ACTIVITY – Recreate the listing that follows line for line, without pictures.

*** Opening of SOURCE MATERIAL ***

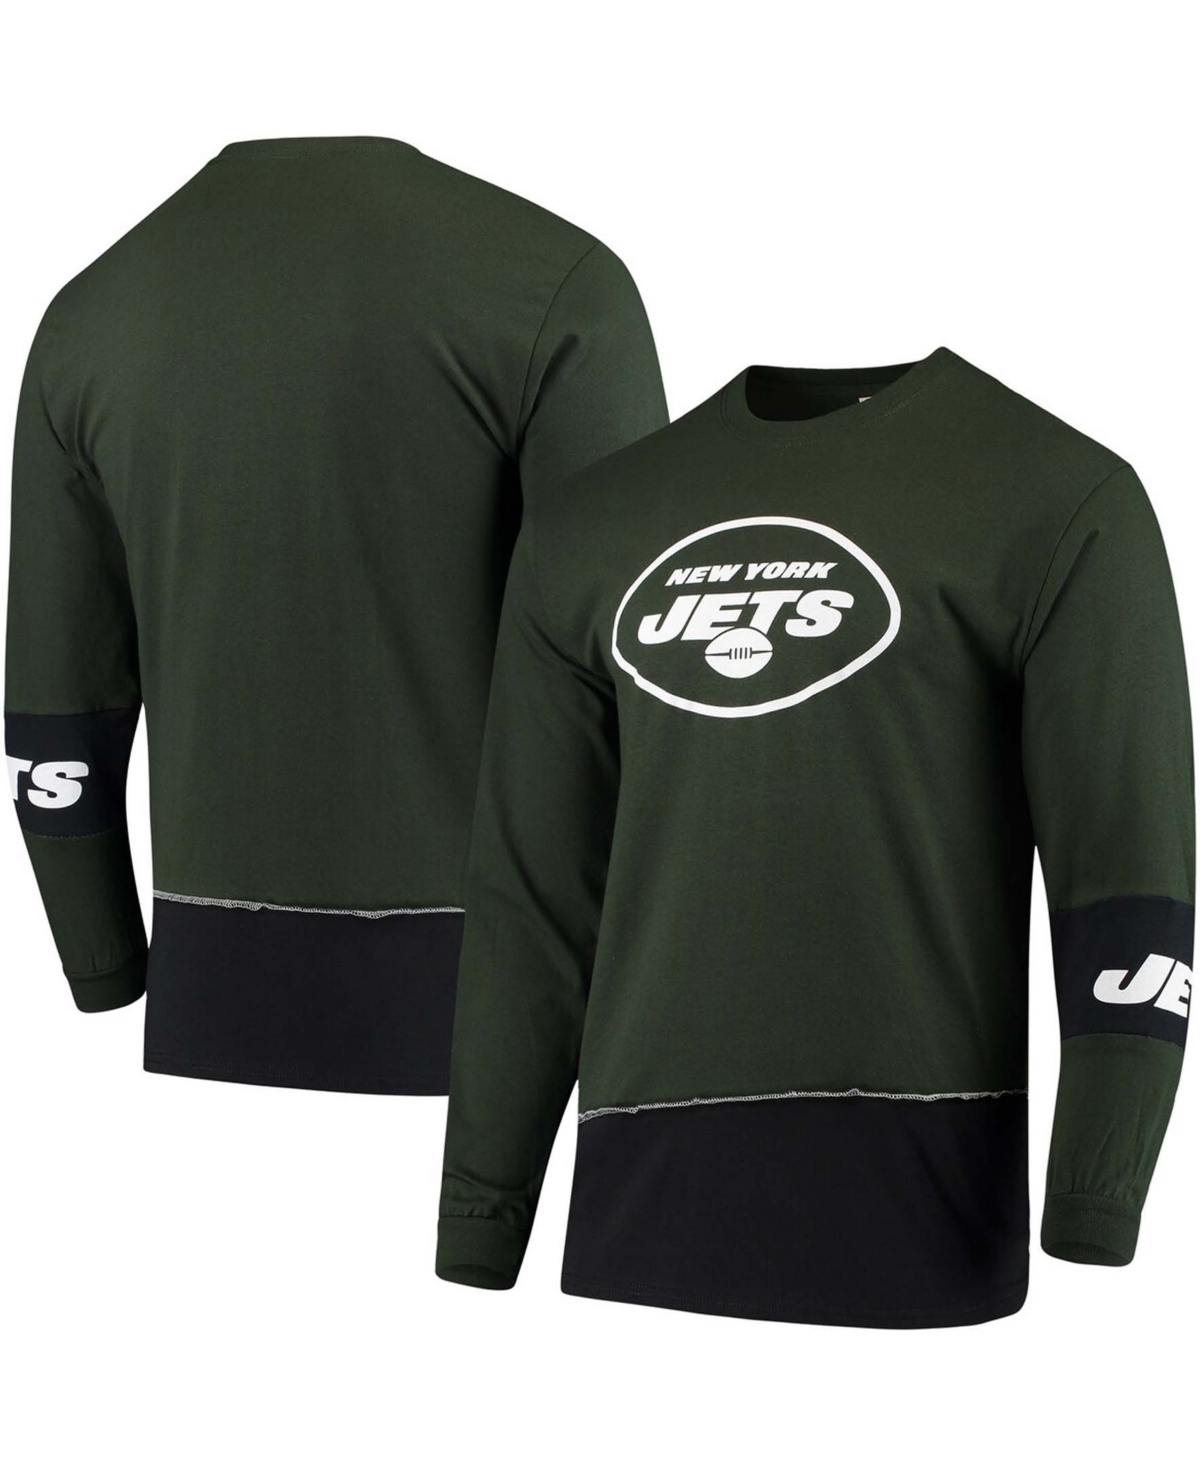 Men's Green, Black New York Jets Angle Long Sleeve T-shirt - Green, Black
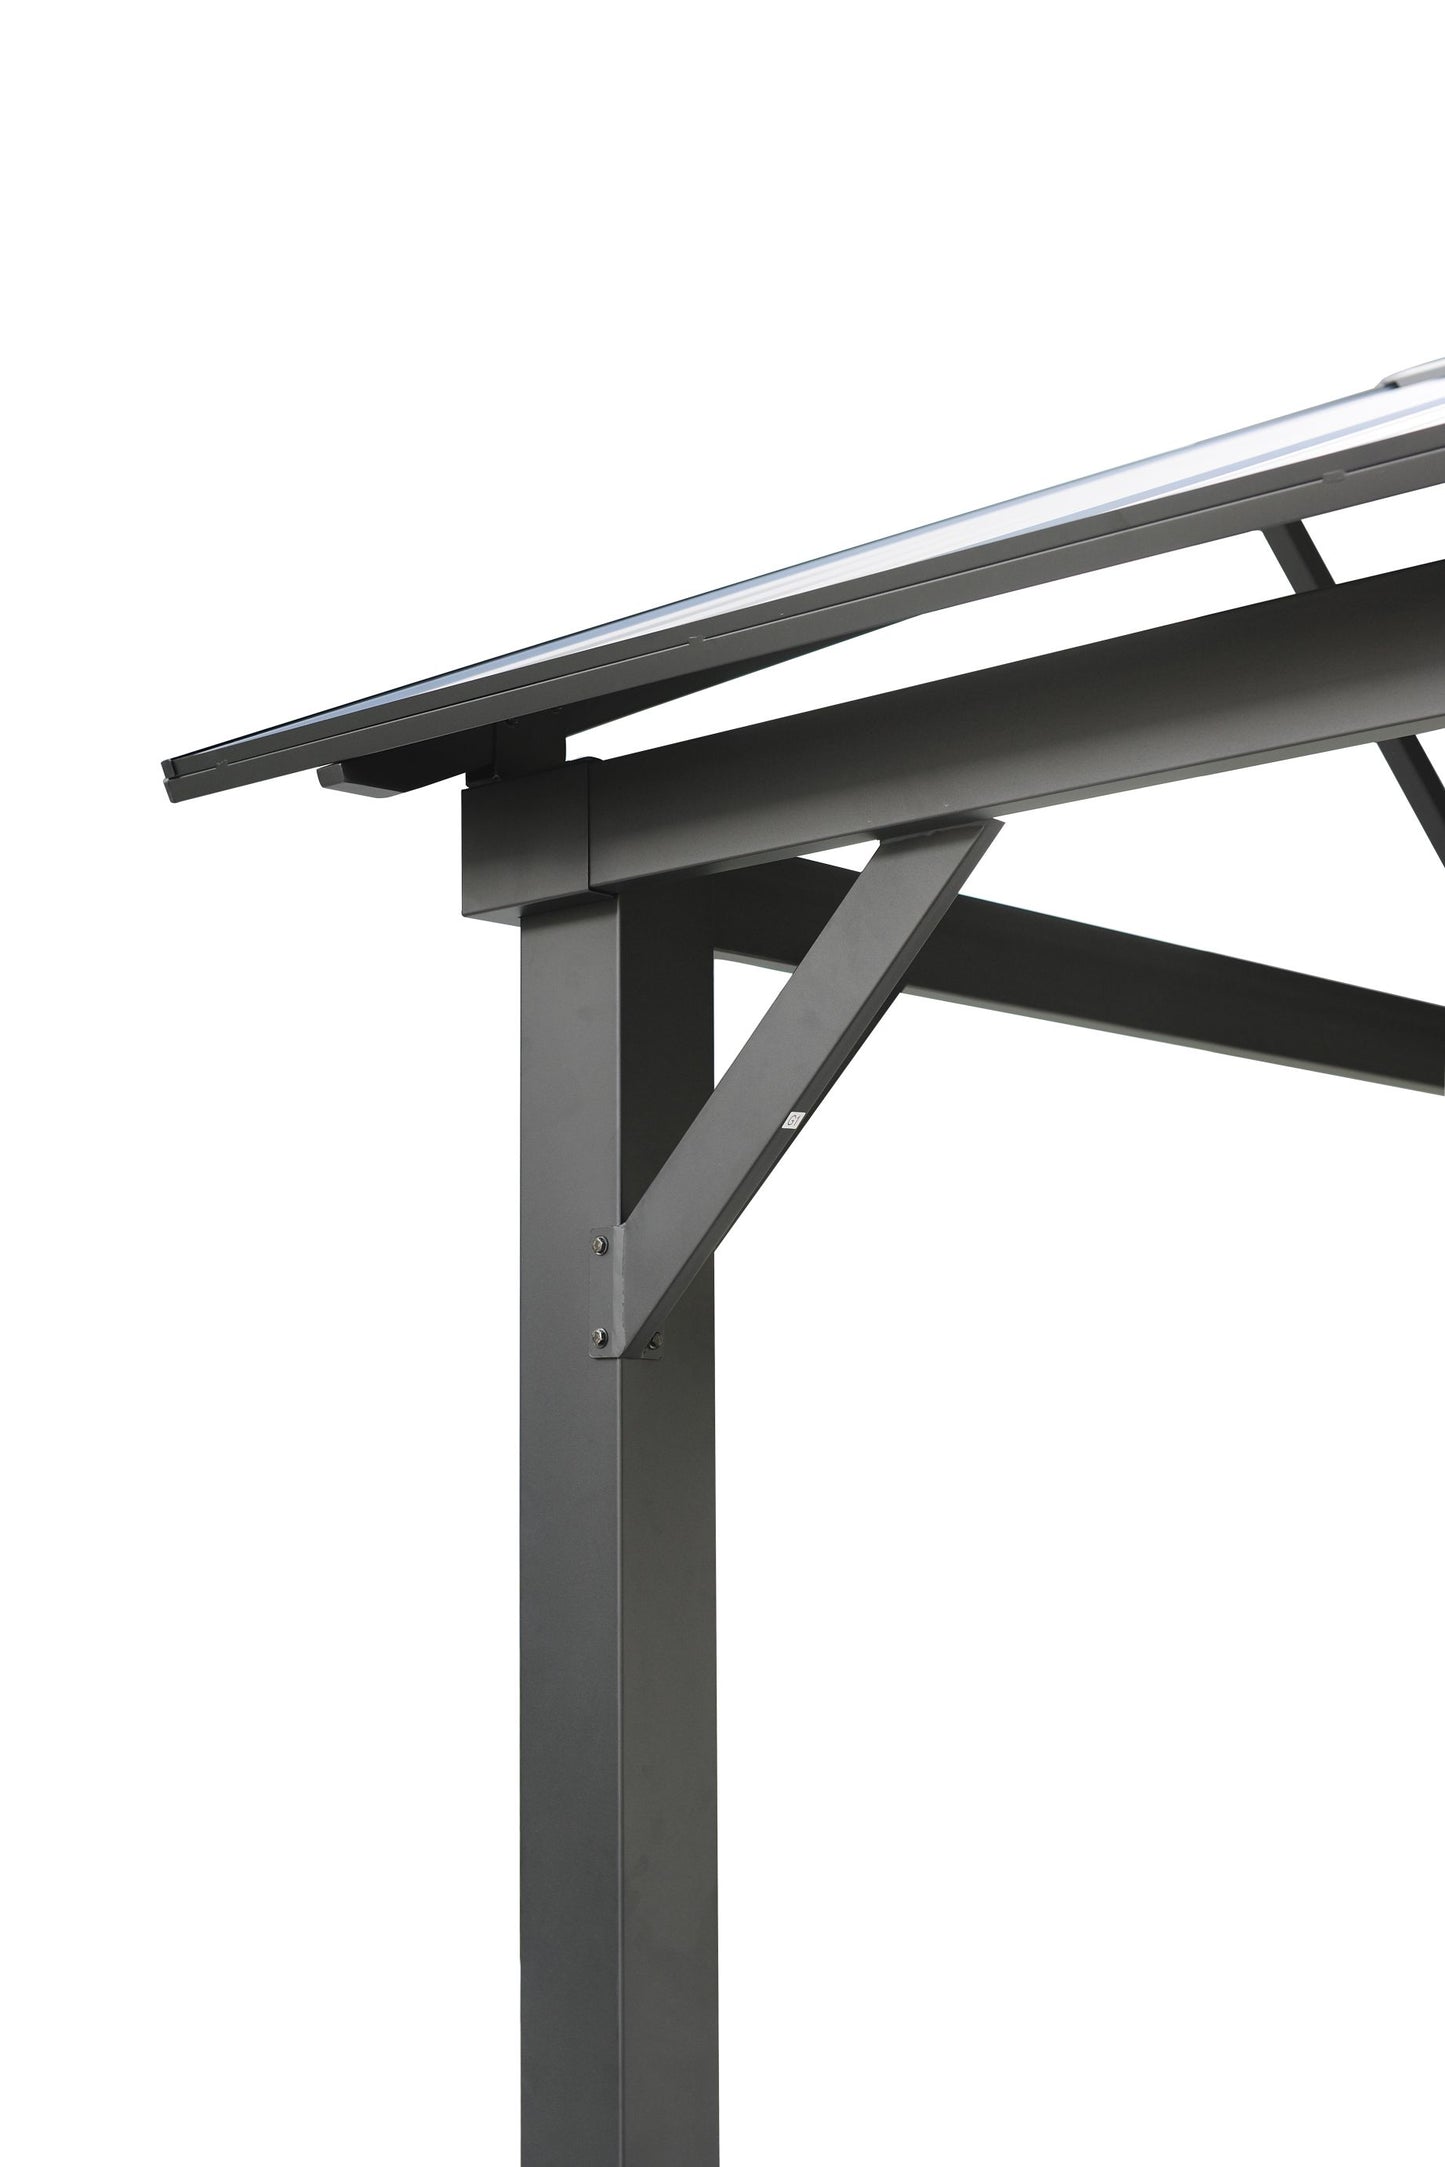 GazeboMate 3.66m x 6.1m  Galvanized Steel Hardtop Gazebo with Sleek Aluminum Legs | Black Powdercoated
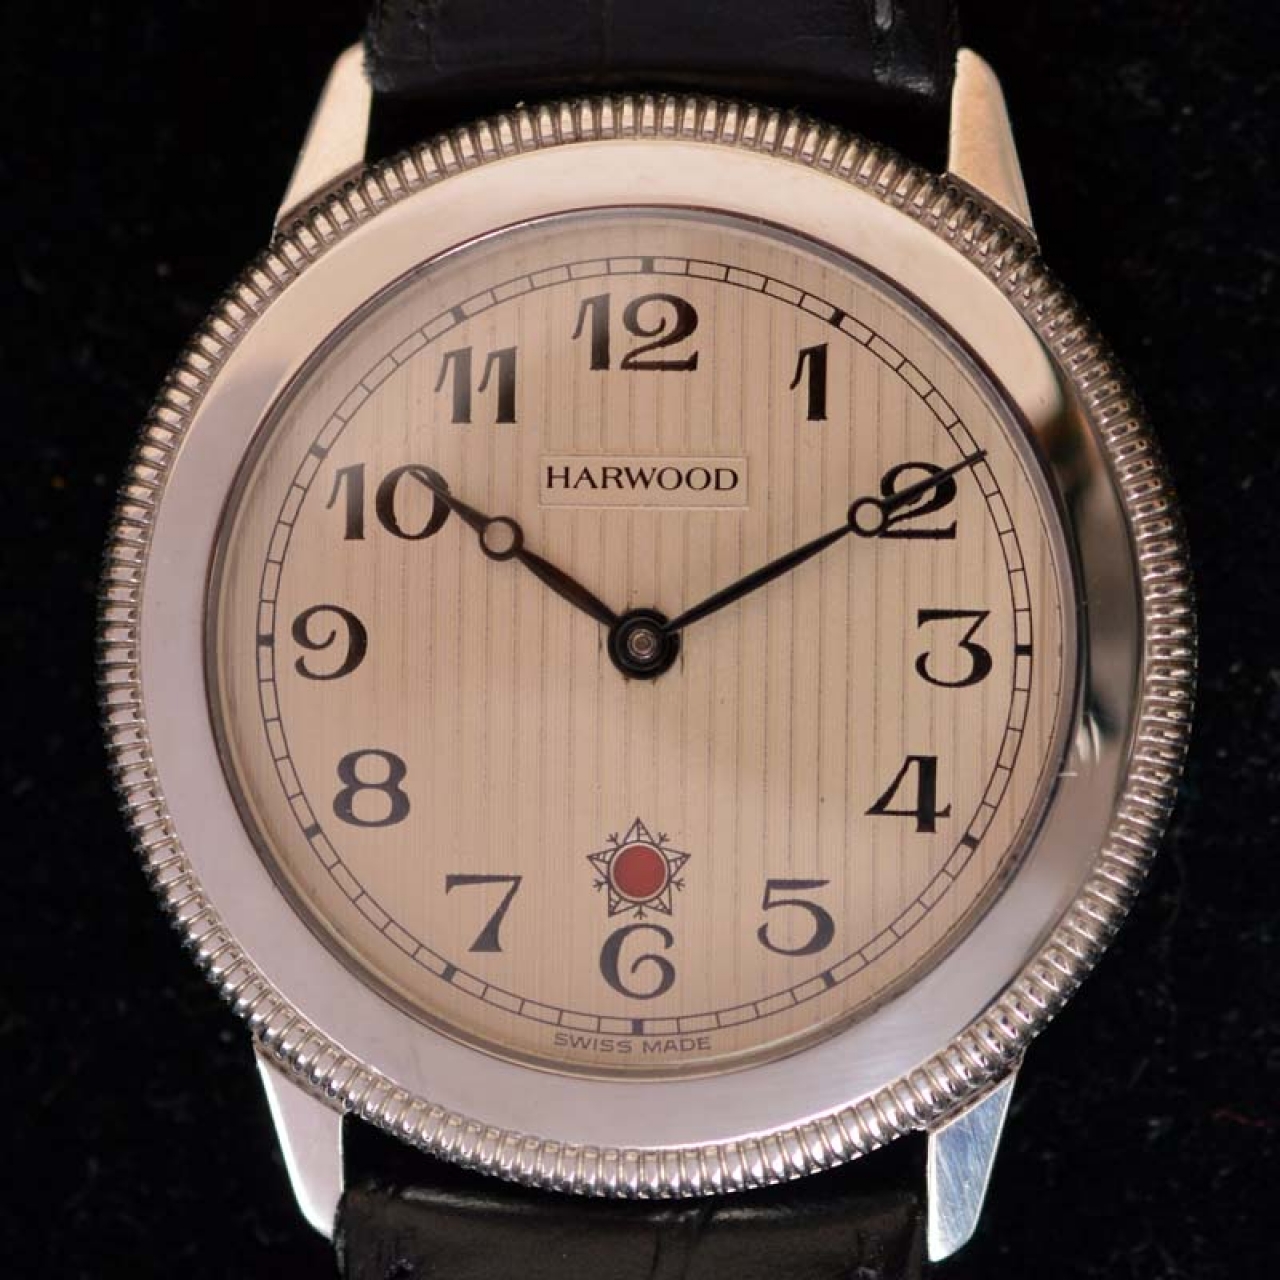 Harwood automatic wrist watch - Rocks and Clocks

*** Close of SOURCE MATERIAL ***

SOLUTION FOR THIS TASK –
 Men's Green, Black New York Jets Angle Long Sleeve T-shirt - Green, Black
 GazeboMate 3.66m x 6.1m  Galvanized Steel Hardtop Gazebo with Sleek Aluminum Legs | Black Powdercoated
 Harwood automatic wrist watch - Rocks and Clocks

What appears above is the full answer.